Ukrainians feel strongly about these politically clueless “declassified elements” in the East and some people do not believe that they are worth fighting for or liberating. Some even think that Donetsk and Lugansk should be given to Russia, if the locals support the separatists. I have a different opinion. It may be because I have lived much of my adult life in the place so often vilified in eastern Ukraine—the United States of America.
People Fooled
This does not mean that I don’t cry when I read about 20-year-old Ukrainian soldiers killed by separatists or that I think that they have a right to act the way they do. I want them to get punished. I want to see them captured and tried for their crimes. But I can’t help but feel that these people have been fooled—by the media, by the state, by the people who called them to fight, by the people who are paying them to fight.

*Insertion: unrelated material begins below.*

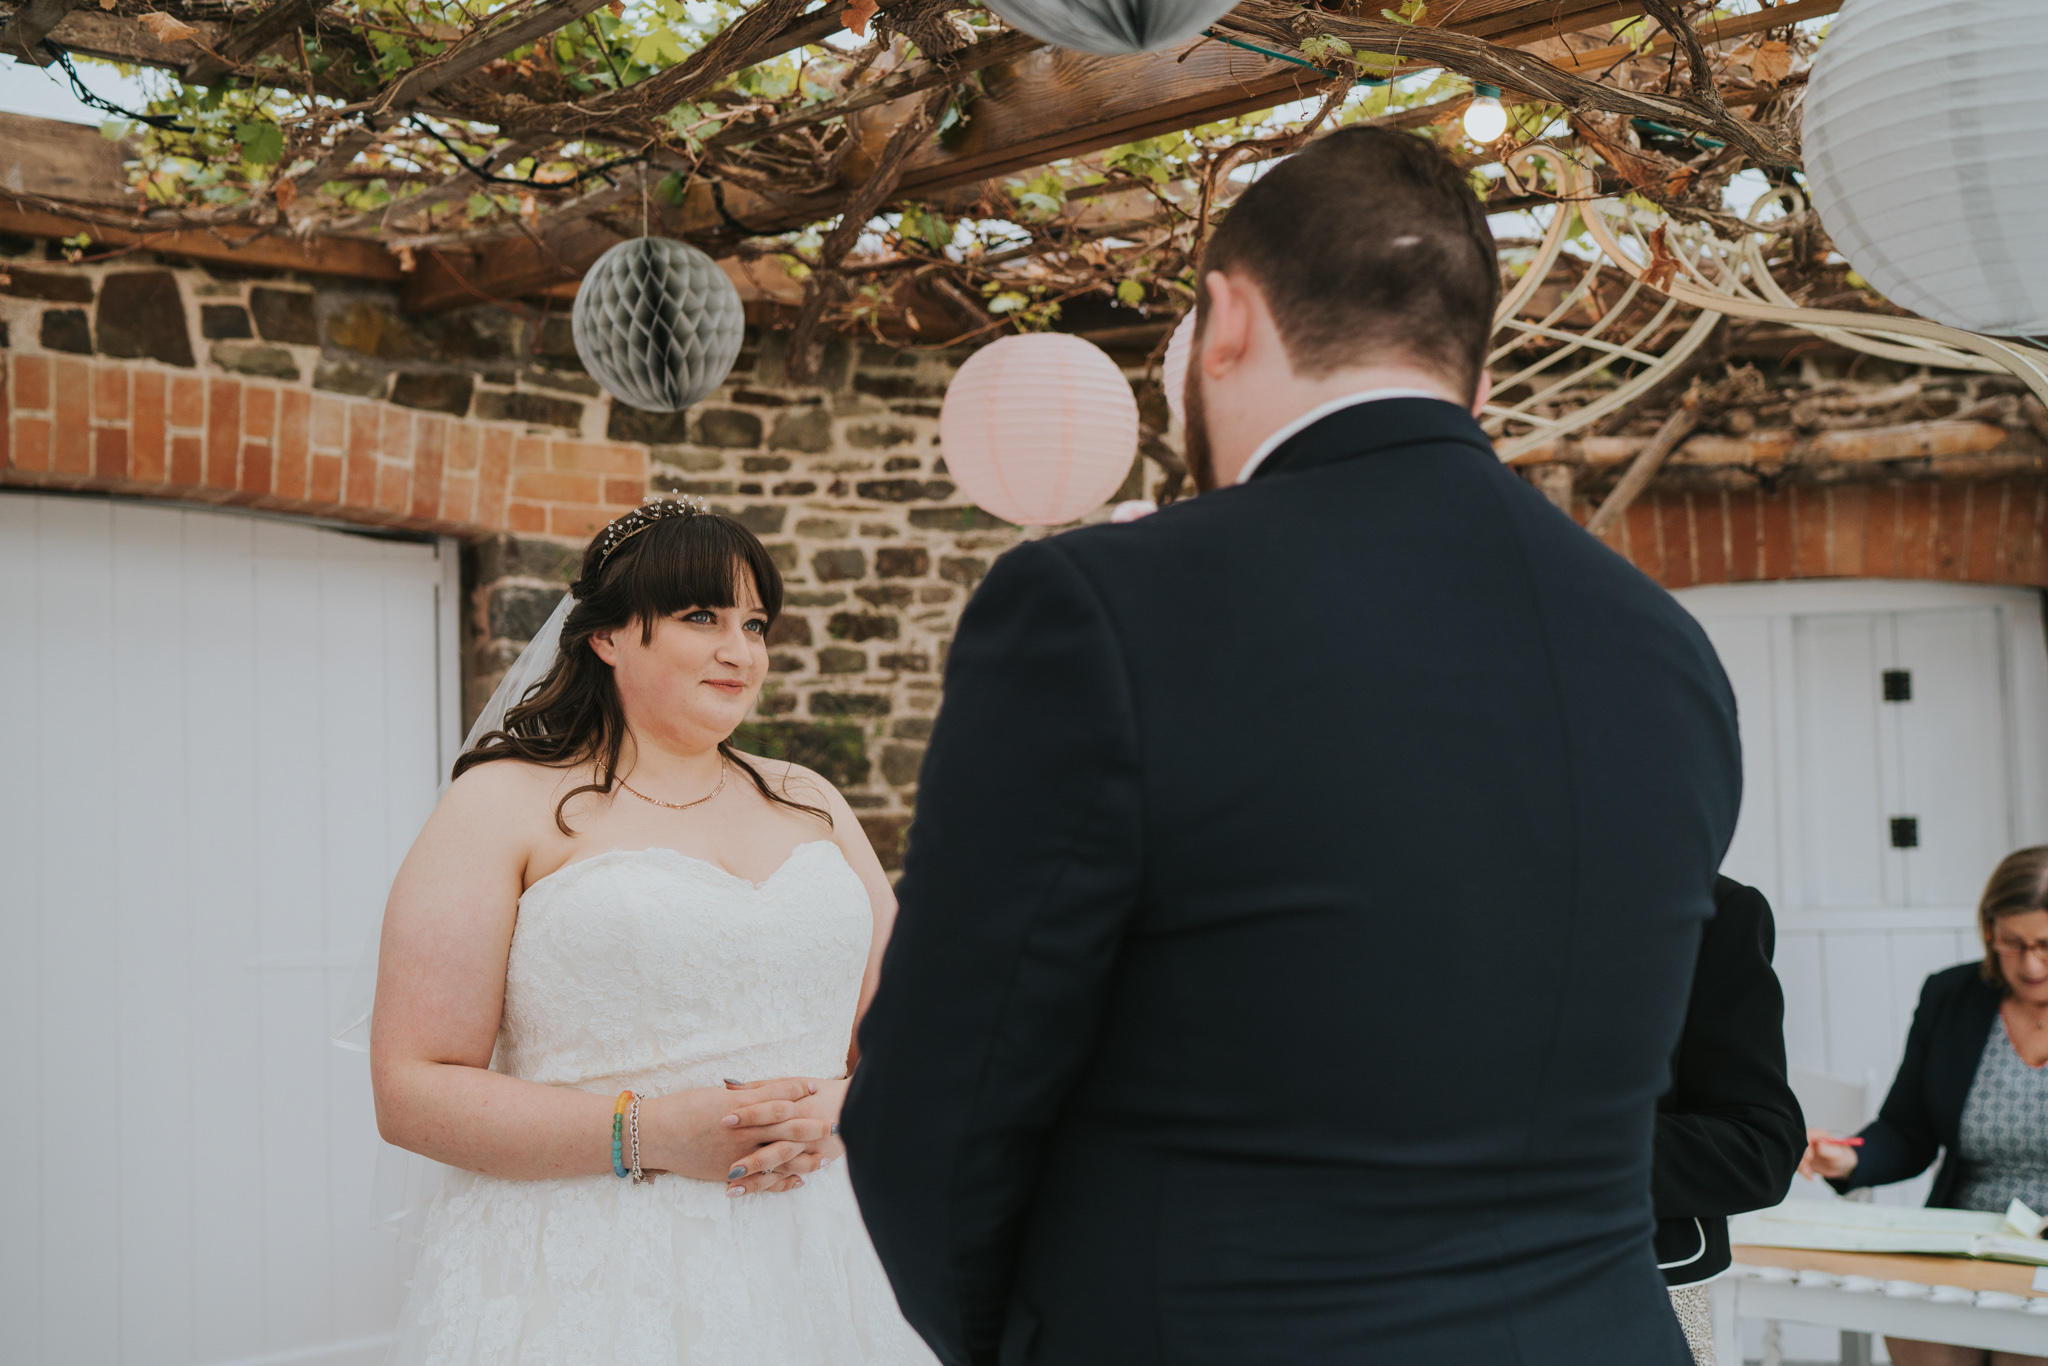 grace-sam-old-barn-clovelly-devon-wedding-photographer-grace-elizabeth-essex-suffolk-norfolk-wedding-photographer (54 of 132).jpg

Ever since the conflict started, I’ve been calling my grandparents who live in Slovyansk, a 140-thousand town in Donetsk region, almost every day. Every time I speak with my grandmother, I want to hop on the plane and get over to that depressed provincial place, where my childhood summers were spent and which has now become one of the epicentres of fighting in Donetsk region.
Last week I couldn’t get through—there was no cell phone connection on their end. An entire week when my 80-something grandparents, along with tens of thousands of other people, were in a complete information vacuum in a town under siege, with no electricity, TV or radio, no pharmacies open, ambulances having no petroleum, shootouts keeping them awake at night, as their windows shake. Because the water supply was cut off, people who live in apartment buildings nearby were coming to my grandparents’ street consisting of private houses, all of which have wells, with buckets to get water.
Humanitarian Crisis
The town is on the verge of a humanitarian crisis. Improper burials of killed separatists hold a risk of epidemics. My grandfather has been trying to keep up his and my grandmother’s spirits by saying they had already lived through one war, that is World War II. My mother has not been able to get through the military posts for over a month now, as the town is “locked.”
The information vacuum creates space for gossip, fear and false accusations. Information is the most valuable commodity, but it’s often counterfeit and unreliable. Access to it is crucial right now, as people are deciding whether to evacuate their families or stay put. The Ukrainian government has not been efficient at communicating its position to the locals, which results in them feeling lost and not knowing whether the Ukrainian army in fact has their best interests at heart.
When I speak with my relatives, I am shocked at what their neighbors believe, what they argue over and how easily they are manipulated. When the fighting is over, Ukraine will have its work cut out for it. Educating people politically, teaching them to take responsibility for their actions, as well as their words, should be its main focus. Communicating with them and being efficient in that communication is the only way to rebuild a region free from terrorism and separatism.